日亜におけるGaN研究開始の経過

 1986年に筆者は米国のフロリダ大学に渡り,MOCVD(metal organic chemical vapor deposition)の研究をしていた。当時行なっていたSiウエーハ上にGaAsを結品成長させる研究の先行きに不安を感じ,広エネルギ・ギャップ半導体に関する調査をしていた。II-VI族半導体やカルコパイライト半導体などの調査をして,1987年にはGaN系半導体が最も有望だと自分なりに判断した。II-VI族半導体と比べると研究者の数が少ない割に成果が多く出ていること,問題点が比較的明らかになっていることなどが理由である。

 当時筆者が感じていたGaN系半導体の問題点は,(1)大量のNの空孔がドナーとして働きp型になりにくい,(2)AIN,GaN,InNの成長条件が大きく異なるのでそれらの混晶の成長が困難, ということであった。
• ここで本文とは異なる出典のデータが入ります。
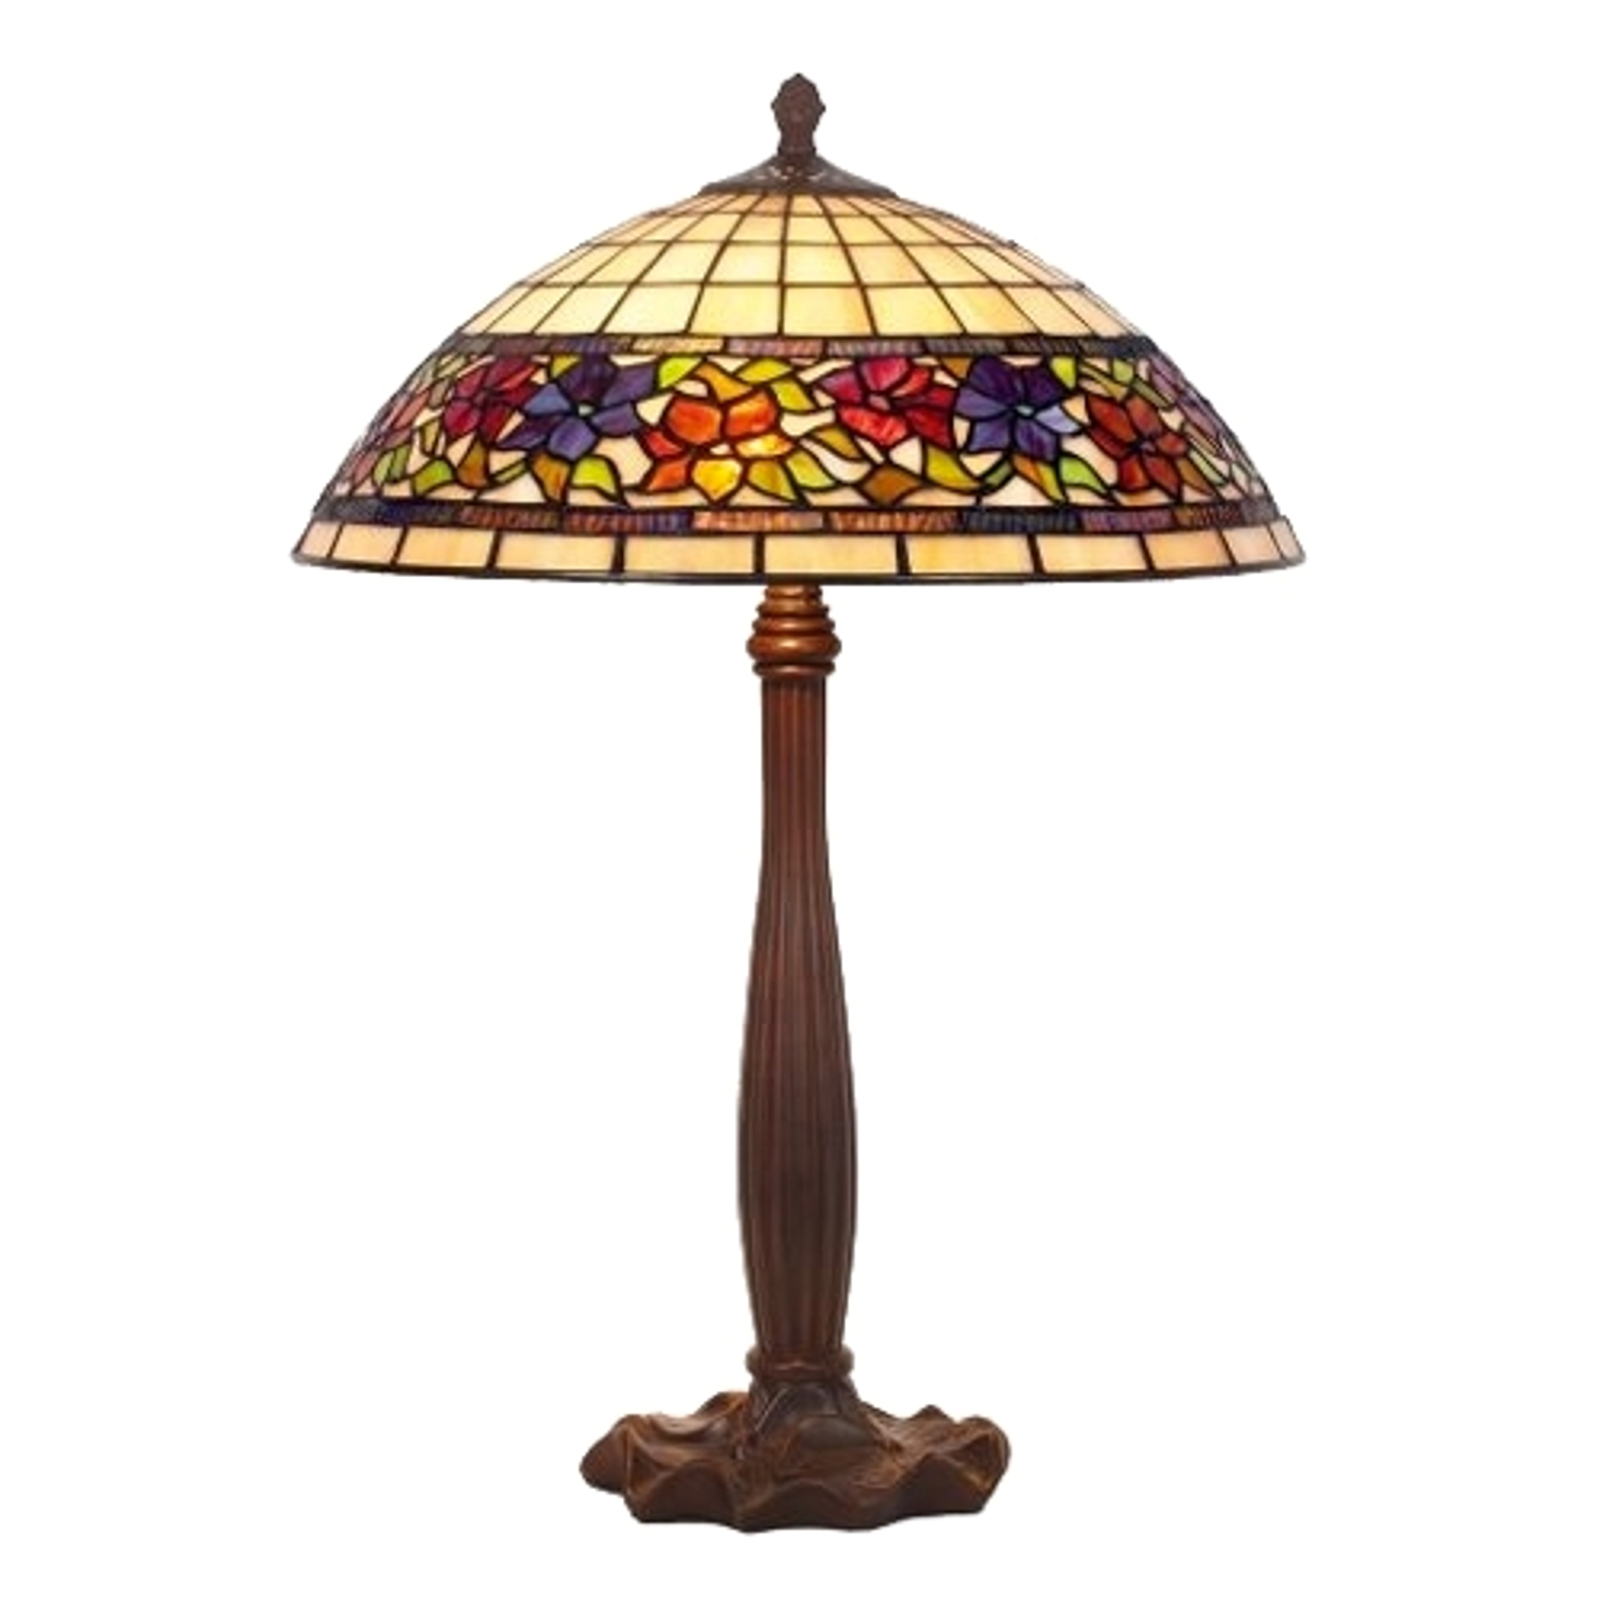 Oryginalna lampa stołowa FLORA w stylu Tiffany

 1988年に筆者が徳島大学に赴任することが決定したのを機に,日亜化学工業でGaN LEDの研究を開始することになった。そこで,V族原子(窒素)の空孔が問題であればV族原子で埋めればよいという発想から,P(リン)やAs(砒素)を添加したり,C(炭素)で埋めればよいアクセプタになるかもしれないと考えた。これらのことを日亜化学工業に提案し,同社で試みた。さらに,成長温度を下げるため,有機窒素化合物をアンモニアの代わりに使うことも提案し,同社で実行した。

 3元混品の作製については,2元の多層薄膜で代替するため,多層薄膜が形成できる特殊なMOCVD装置を1988年に設計した。この装置を発展させて,中村氏はツーフロー型のMOCVD装置を開発したのである。

研究成果の報道姿勢について

 研究と開発は車の両輪であって,どちらが欠けても車は動かない。われわれは,直接製品を生み出す開発ばかりに目がいき,もう片方の研究の重要性を忘れがちである。どのようなデバイス開発においても一人ですべてを達成することは不可能で,過去の成果に立脚し,どの部分が自分のオリジナルであるかを明確にしながら開発してゆくのが常である。

 ジャーナリズムは結果だけを報道,評価するのではなく,そこに至った経過と先人の業績にも焦点を当てるべきであると考える。そうすることが,基礎研究とオリジナリティを重要視する風潮を作るのであって,それも技術雑誌の使命の一つであると信じている。